Ele exigia uma resposta dos militares em relação à prisão de Braga Netto, que havia sido candidato a vice na chapa de Bolsonaro em 2022.

“Bando de omissos. Vocês não honram a farda que vestem”, acrescentou Malafaia.

Um vídeo contendo as declarações foi posteriormente divulgado pelo pastor evangélico em suas plataformas digitais, alcançando, segundo a PGR, mais de 300 mil visualizações. A legenda da postagem afirmava: “Minha fala contra os generais covardes do alto comando, não contra o glorioso Exército Brasileiro”.

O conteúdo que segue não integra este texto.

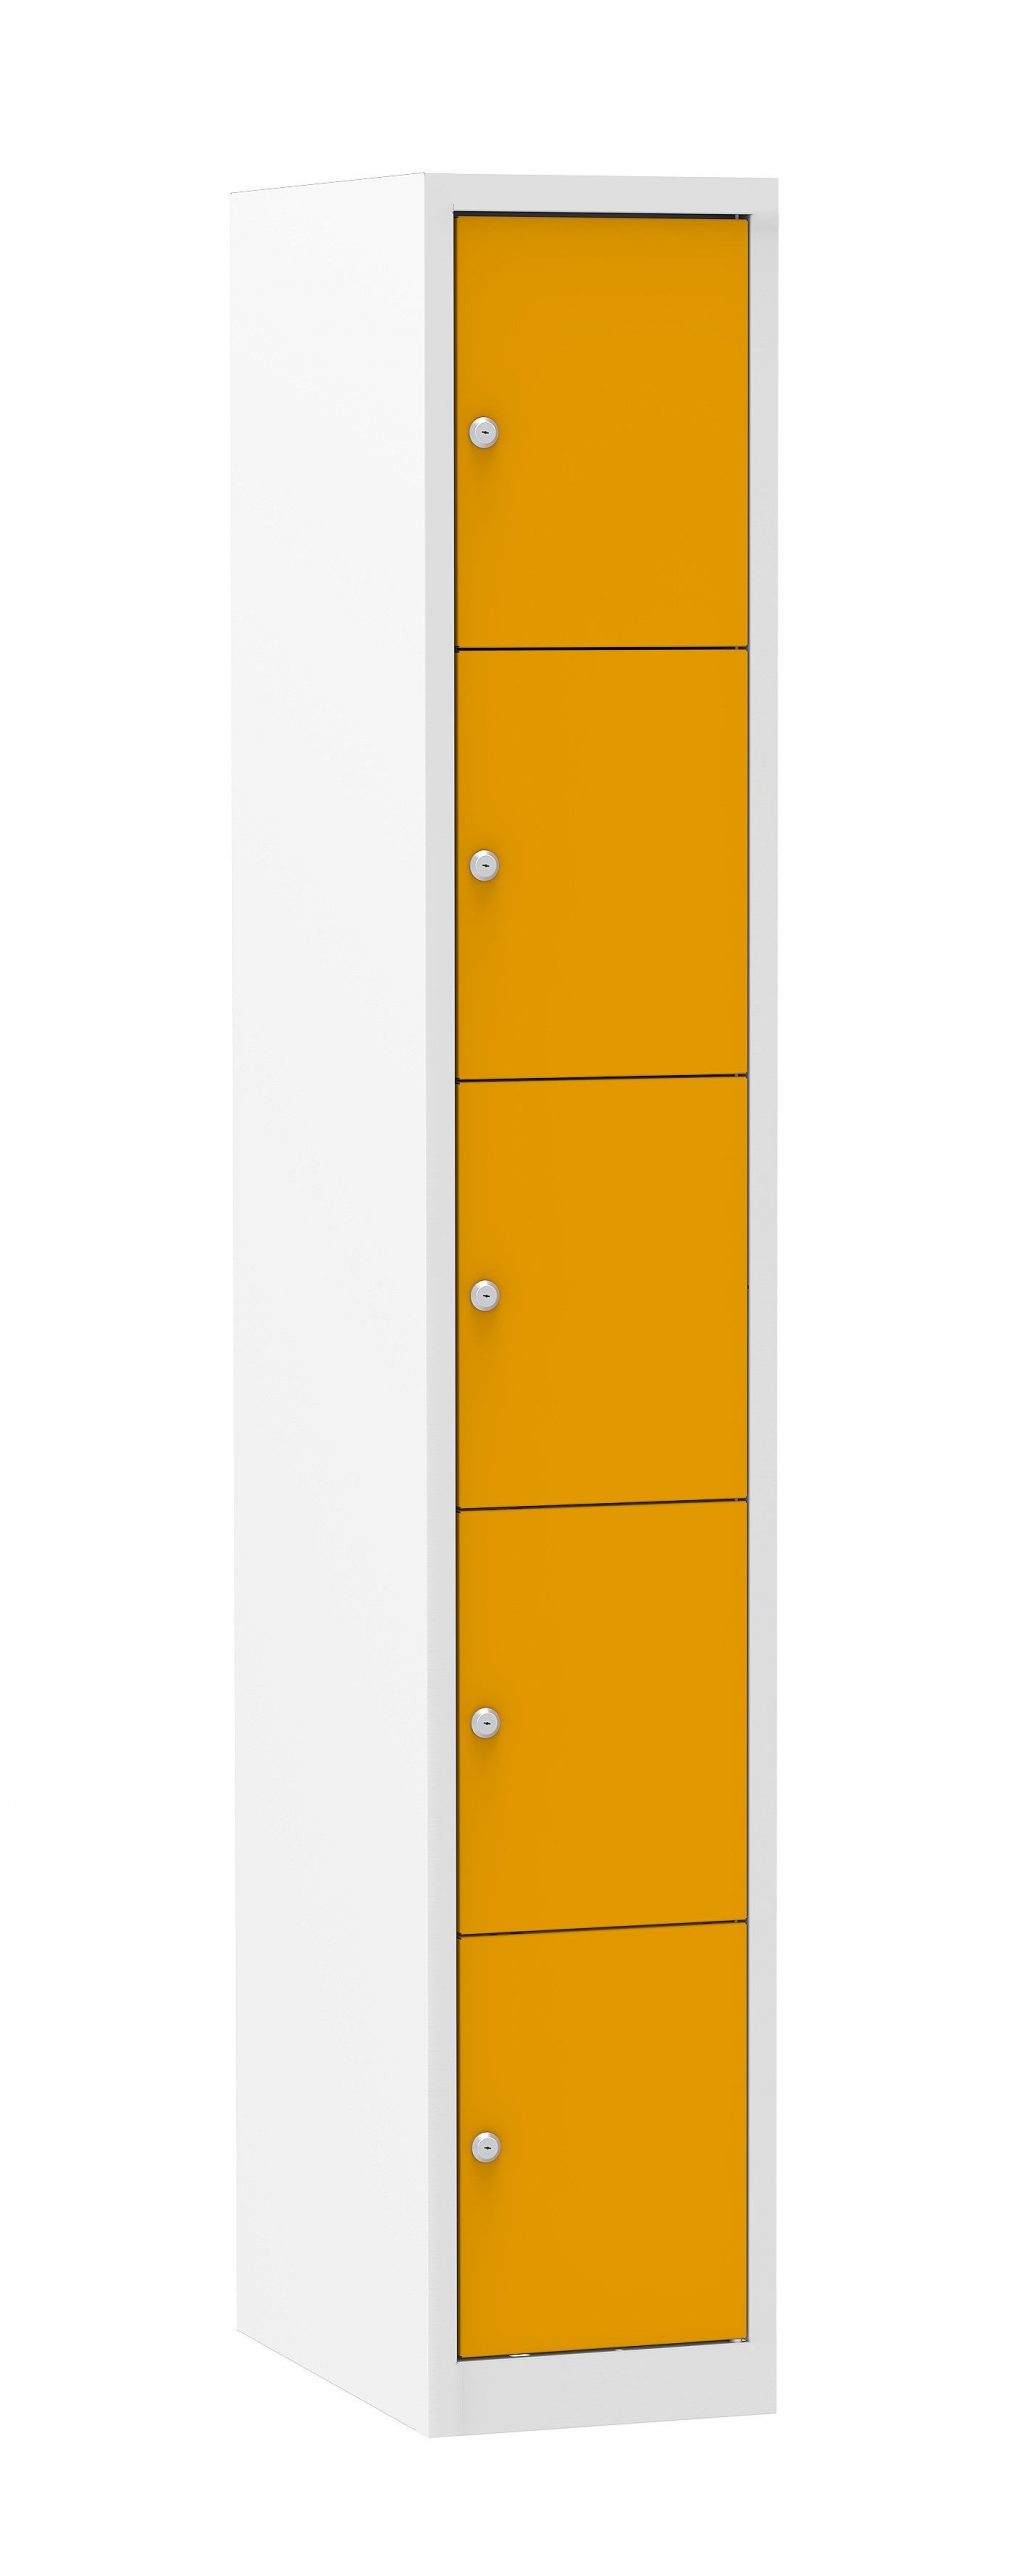 Elektropositief Mannelijkheid bodem Multicolor locker 30cm breed, 1-koloms, 5-deurs | Kantoormeubel4sale

Para a PGR, Malafaia teria cometido o crime de calúnia ao atribuir-lhes a pecha de covardes, visto que a covardia é um delito previsto no Código Penal Militar. No que tange à injúria, a acusação aponta que o pastor agiu com a intenção deliberada de ofender os militares.

Qualificação

A denúncia da PGR solicita que os delitos sejam qualificados, o que acarretaria um aumento da pena, por terem sido praticados contra agente público em razão de suas funções, na presença de múltiplas pessoas e contra indivíduos com mais de 60 anos, todos considerados agravantes para esse tipo de infração.

A defesa de Malafaia argumenta a inexistência de motivos para que o processo tramite no Supremo, uma vez que o pastor não ocupa qualquer cargo com foro privilegiado. Quanto ao mérito, a defesa sustenta que as declarações do líder evangélico não causaram dano, o que, em sua visão, retiraria a justa causa para a denúncia.

Moraes refutou esses argumentos, asseverando que os fatos sob investigação possuem uma conexão “absoluta” com as calúnias e injúrias praticadas contra agentes públicos, que são apuradas no Inquérito das Fake News, instaurado em 2019 para investigar ataques e difamações contra ministros do Supremo.